Find common ancestors

Description

Given a set of ontology terms, find their latest common ancestors based on the term hierarchy.

Usage

findCommonAncestors(..., g, remove.self = TRUE, descriptions = NULL)

Arguments

...

One or more (possibly named) character vectors containing ontology terms.

g

A graph object containing the hierarchy of all ontology terms.

remove.self

Logical scalar indicating whether to ignore ancestors containing only a single term (themselves).

descriptions

Named character vector containing plain-English descriptions for each term. Names should be the term identifier while the values are the descriptions.

Details

This function identifies all terms in g that are the latest common ancestor (LCA) of any subset of terms in .... An LCA is one that has no children that have the exact same set of descendent terms in ..., i.e., it is the most specific term for that set of observed descendents.
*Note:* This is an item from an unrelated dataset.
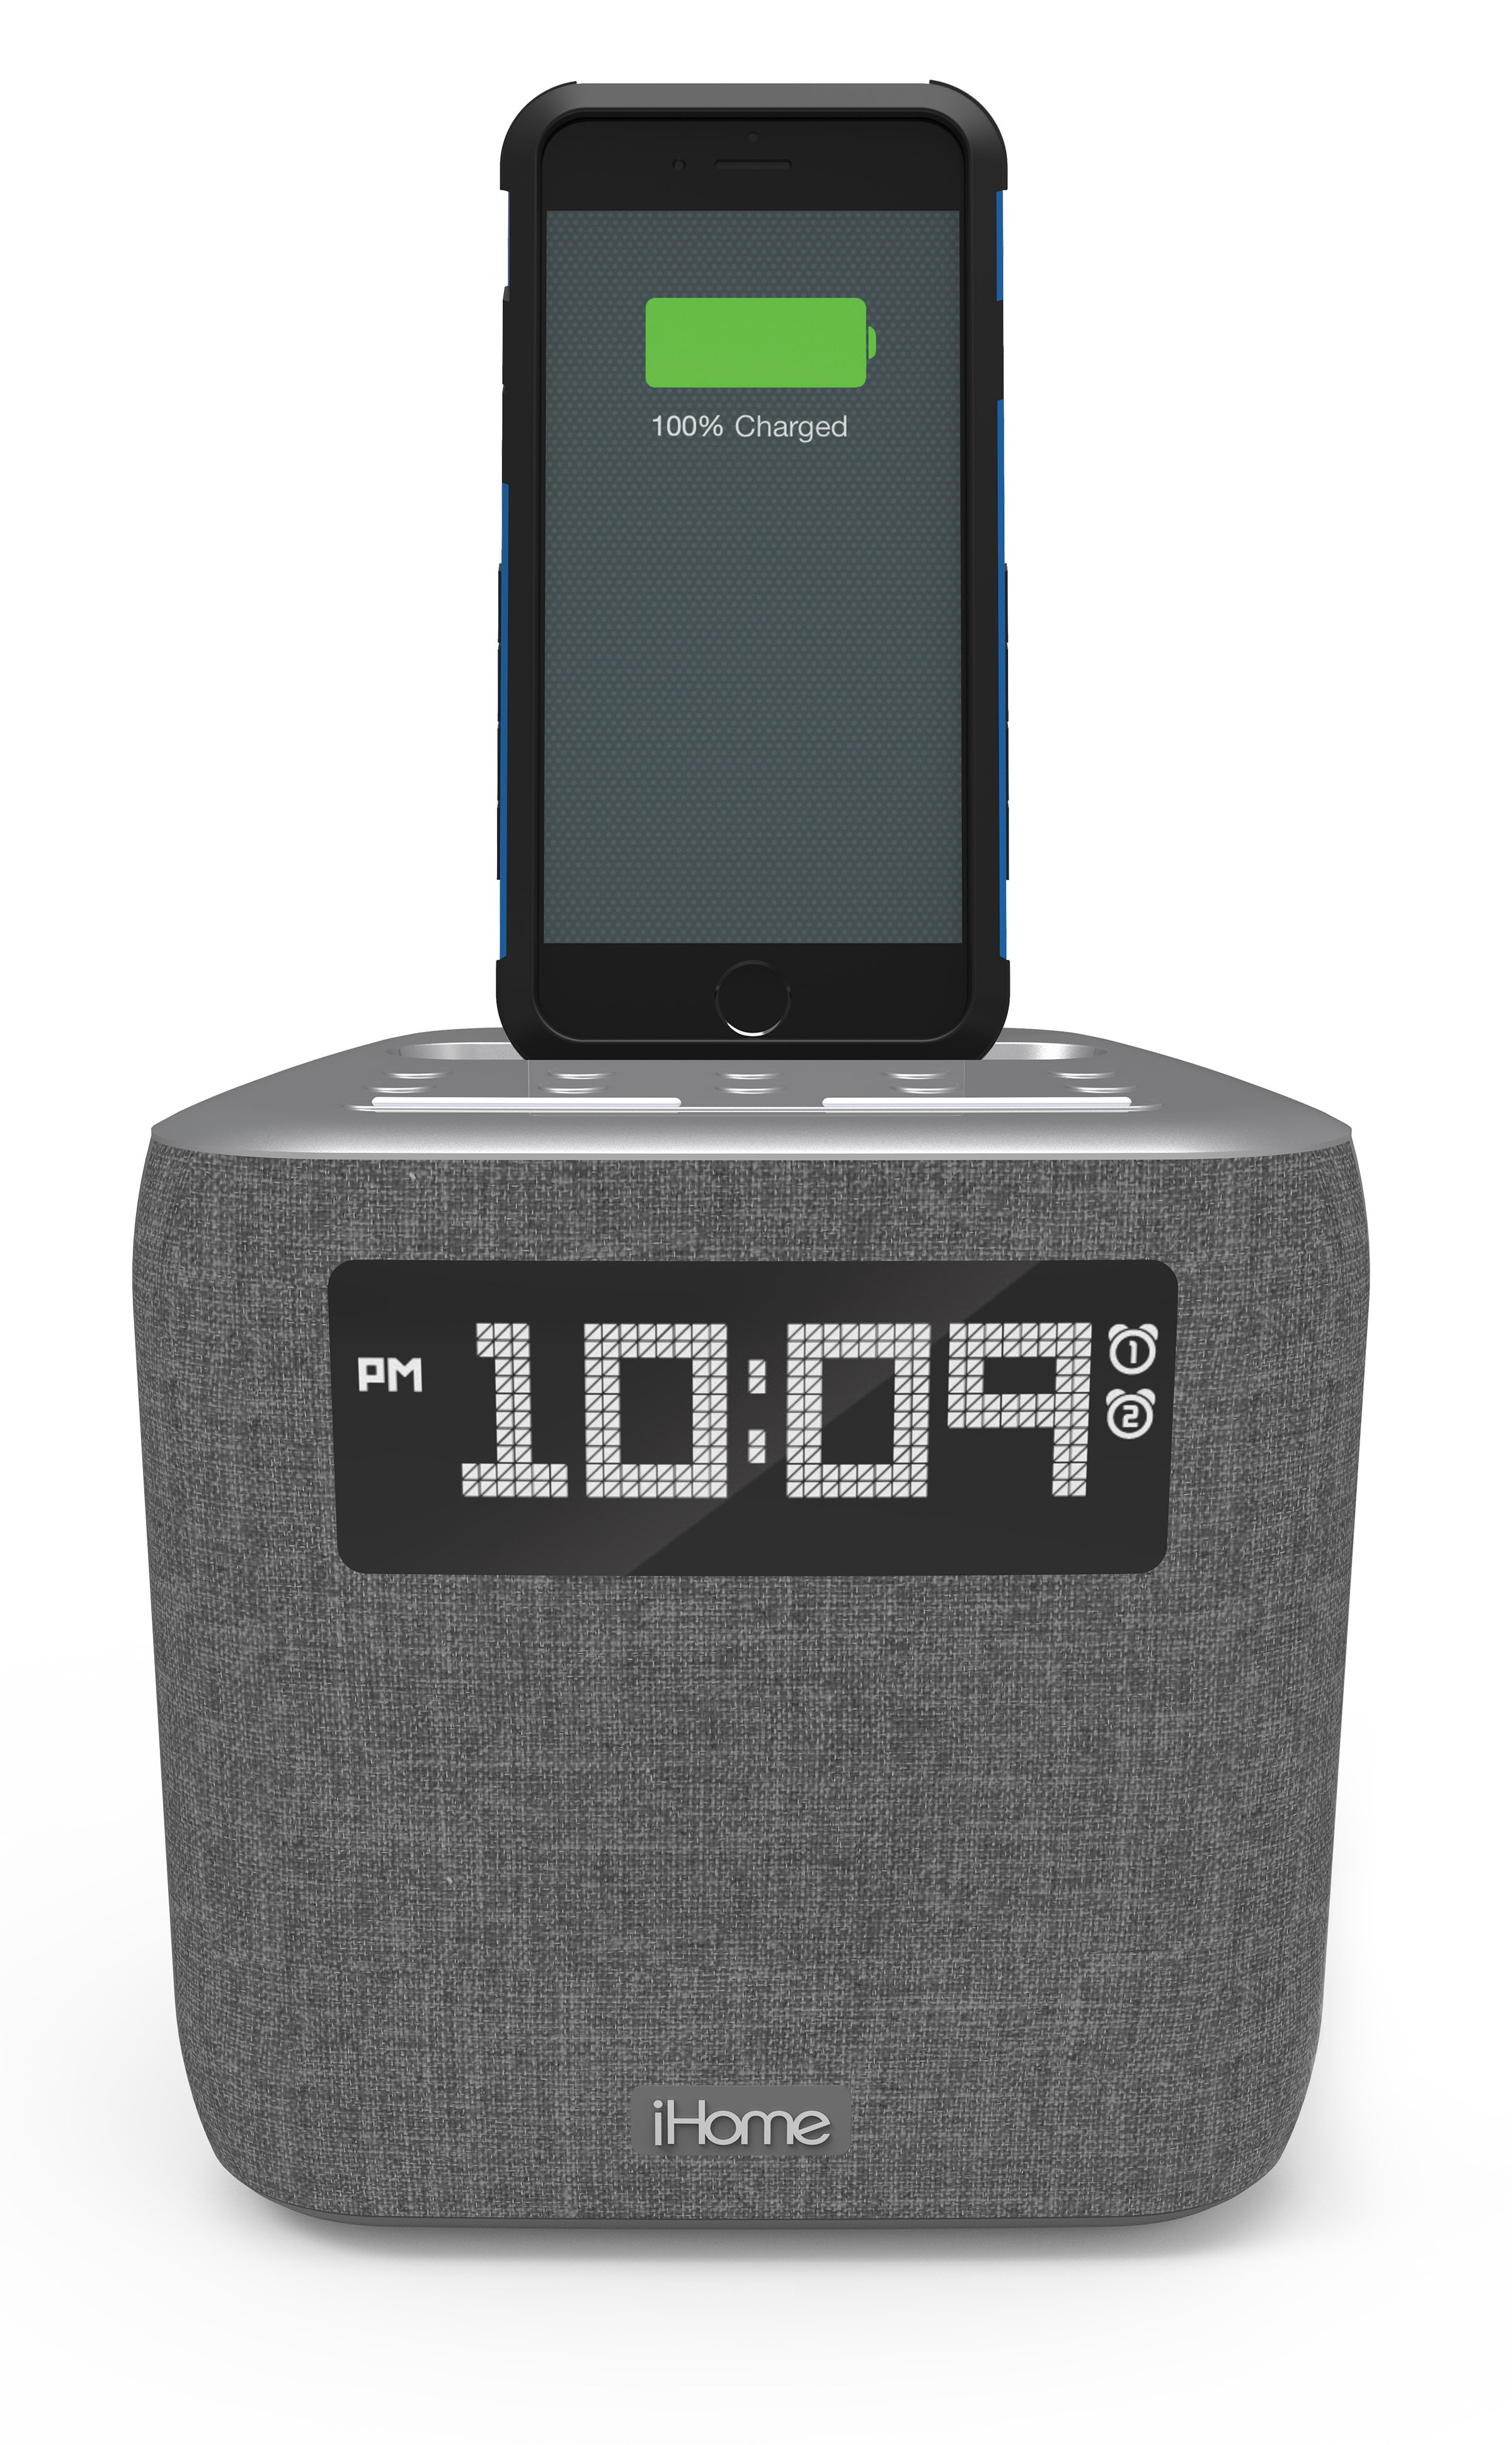 Ihome Ipl8 Speaker System With Lightning Dock And Alarm Walmart

Knowing the LCA is useful for deciding how terms should be rolled up to broader definitions in downstream applications, usually when the exact terms in ... are too specific for practical use.
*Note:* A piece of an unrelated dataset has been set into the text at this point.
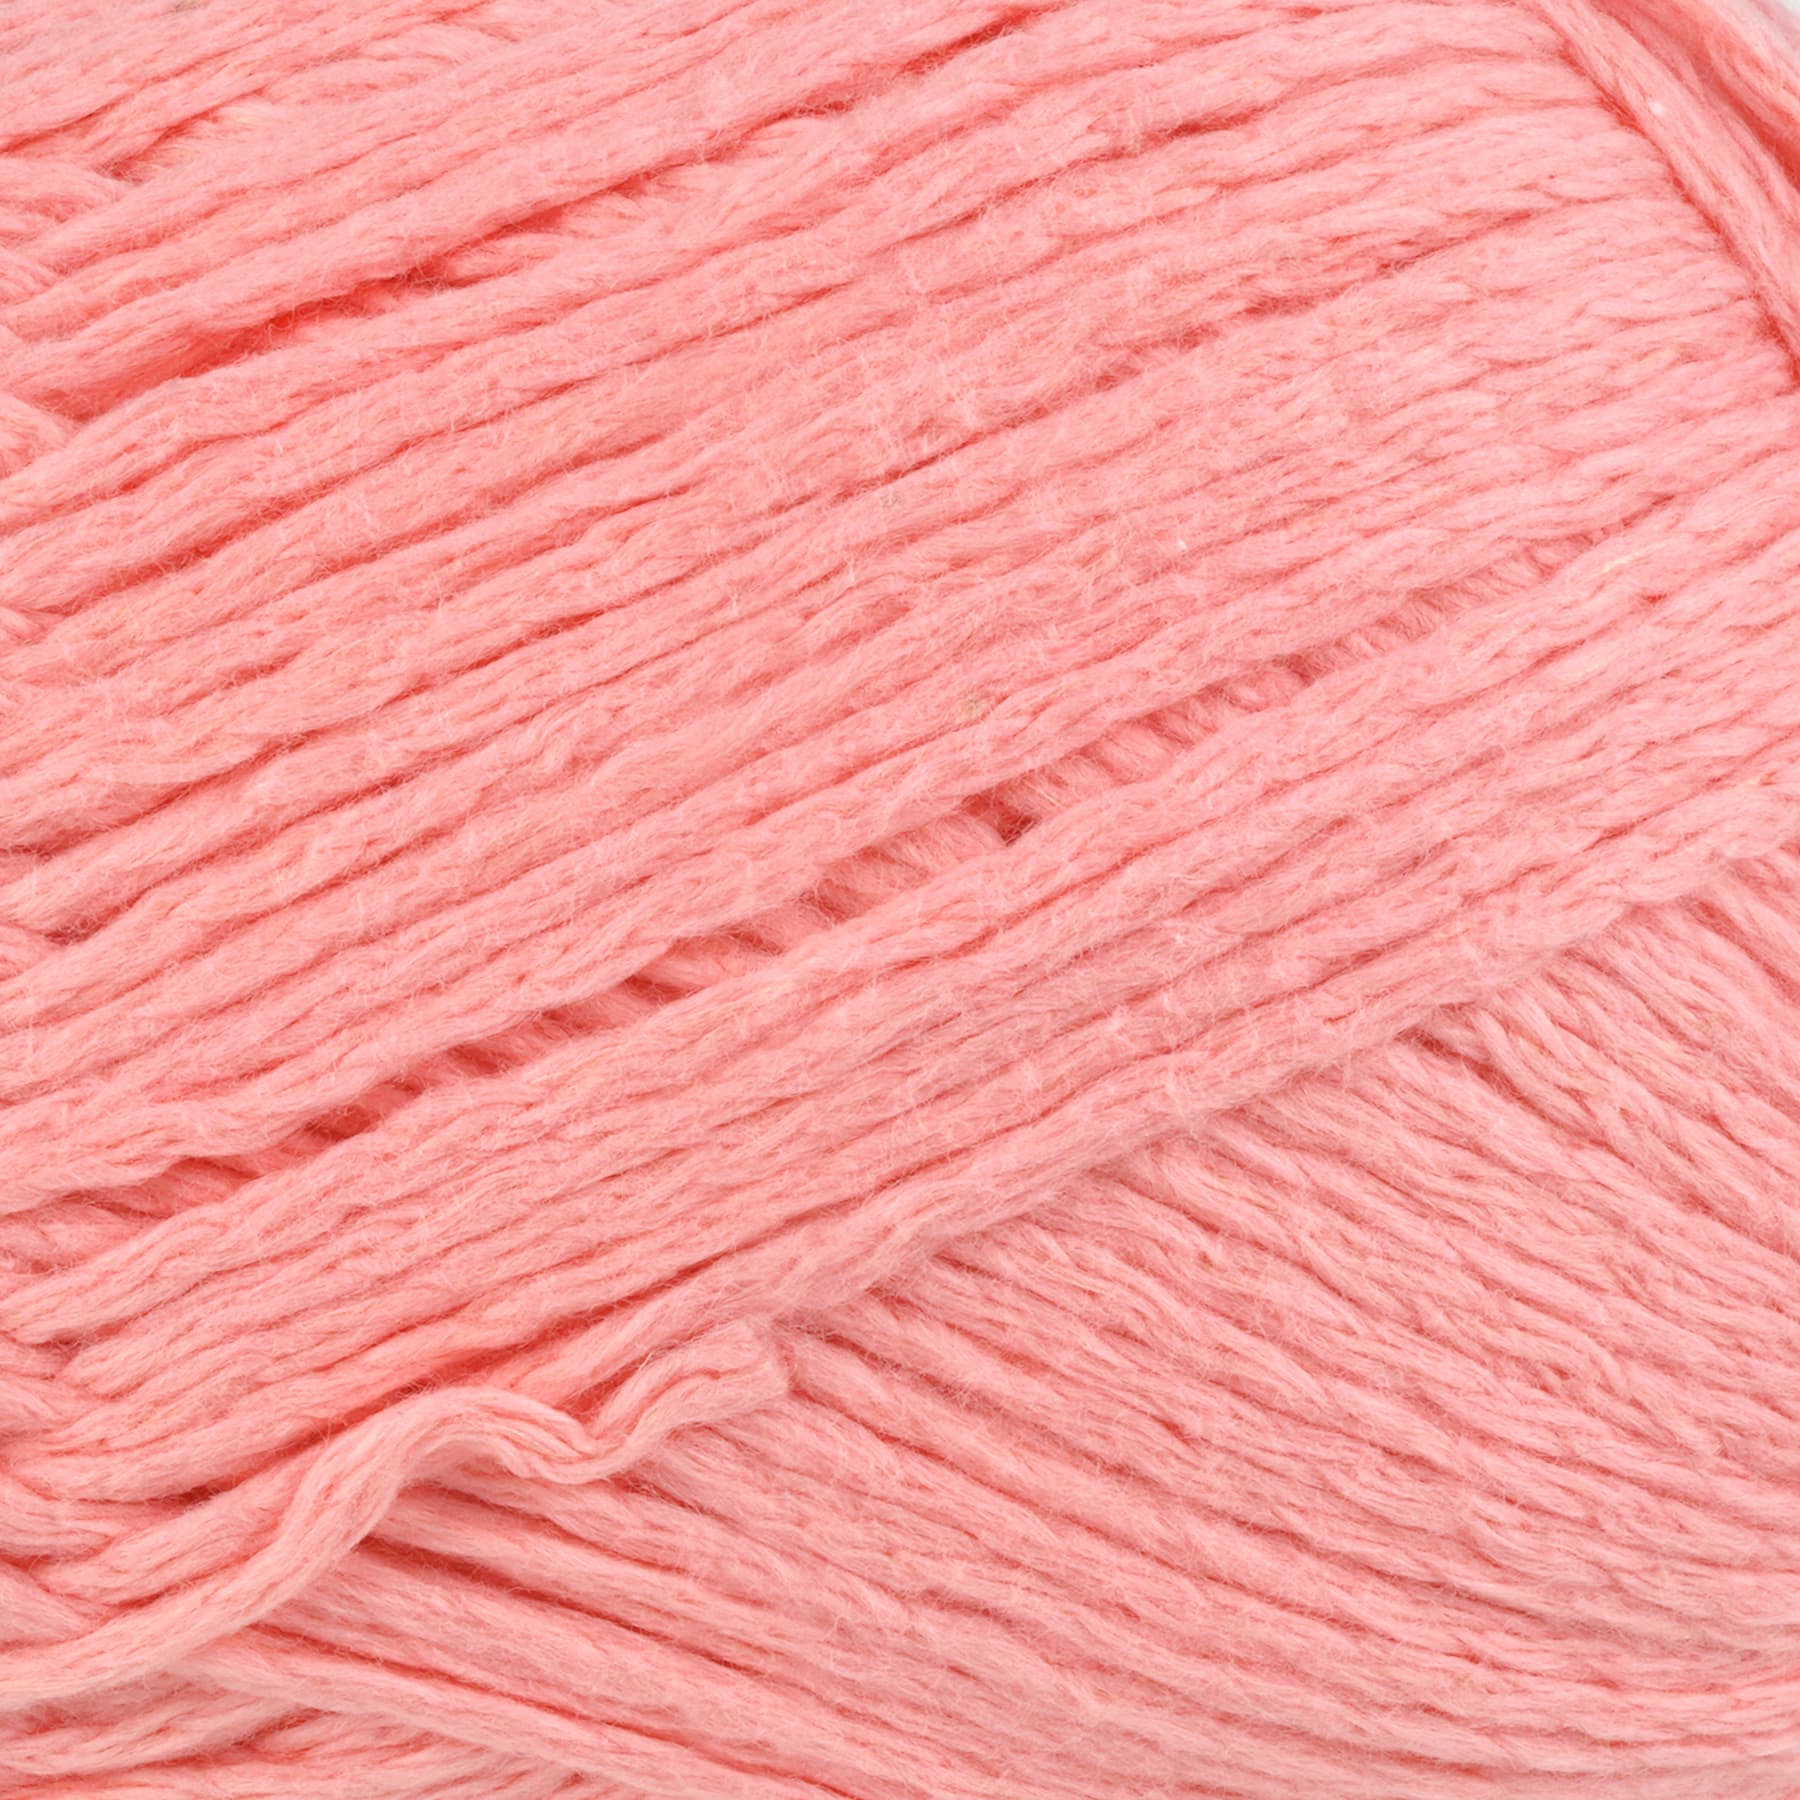 Loops & Threads Cotton Creme Yarn - Budget Yarn Reviews

The descendents DataFrame in each row of the output describes the descendents for each LCA, stratified by their presence or absence in each entry of .... This is particularly useful for seeing how different sets of terms would be aggregated into broader terms, e.g., when harmonizing annotation from different datasets or studies. Note that any names for ... will be reflected in the columns of the DataFrame for each LCA.

Value

A DataFrame where each row corresponds to a common ancestor term. This contains the columns number, the number of descendent terms across all vectors in ...; and descendents, a List of DataFrames containing the identities of the descendents. It may also contain the column description, containing the description for each term.

Author(s)

Aaron Lun

Examples

co <- getOnto("cellOnto")

# TODO: wrap in utility function.
parents <- co$parents
self <- rep(names(parents), lengths(parents))
library(igraph)
g <- make_graph(rbind(unlist(parents), self))

# Selecting random terms:
LCA <- ontoProc:::findCommonAncestors(A=sample(names(V(g)), 20),
   B=sample(names(V(g)), 20), g=g)

LCA[1,]
LCA[1,"descendents"][[1]]

return a generator with ontology classes

Description

return a generator with ontology classes

Usage

get_classes(owlfile)

Arguments

owlfile

reference to OWL file, can be URL, will be processed by owlready2.get_ontology

Value

generator with output of classes() on the loaded ontology


decompress ordo owl file

Description

decompress ordo owl file

Usage

get_ordo_owl_path(target = tempdir())

Arguments

target

character(1) path to where decompressed owl will live


basic getters in old style, retained 2023 for deprecation interval

Description

basic getters in old style, retained 2023 for deprecation interval

Usage

getChebiLite()

getCellosaurusOnto()

getUBERON_NE()

getChebiOnto()

getOncotreeOnto()

getDiseaseOnto()

getGeneOnto()

getHCAOnto()

getPROnto()

getPATOnto()

getMondoOnto()

getSIOOnto()

Value

instance of ontology_index (S3) from ontologyIndex

Note

getChebiOnto loads ontoRda/chebi_full.rda

getOncotreeOnto loads ontoRda/oncotree.rda

getDiseaseOnto loads ontoRda/diseaseOnto.rda

getHCAOnto loads ontoRda/hcaOnto.rda produced from hcao.owl at https://github.com/HumanCellAtlas/ontology/releases/tag/1.0.6 2/11/2019, python pronto was used to convert OWL to OBO.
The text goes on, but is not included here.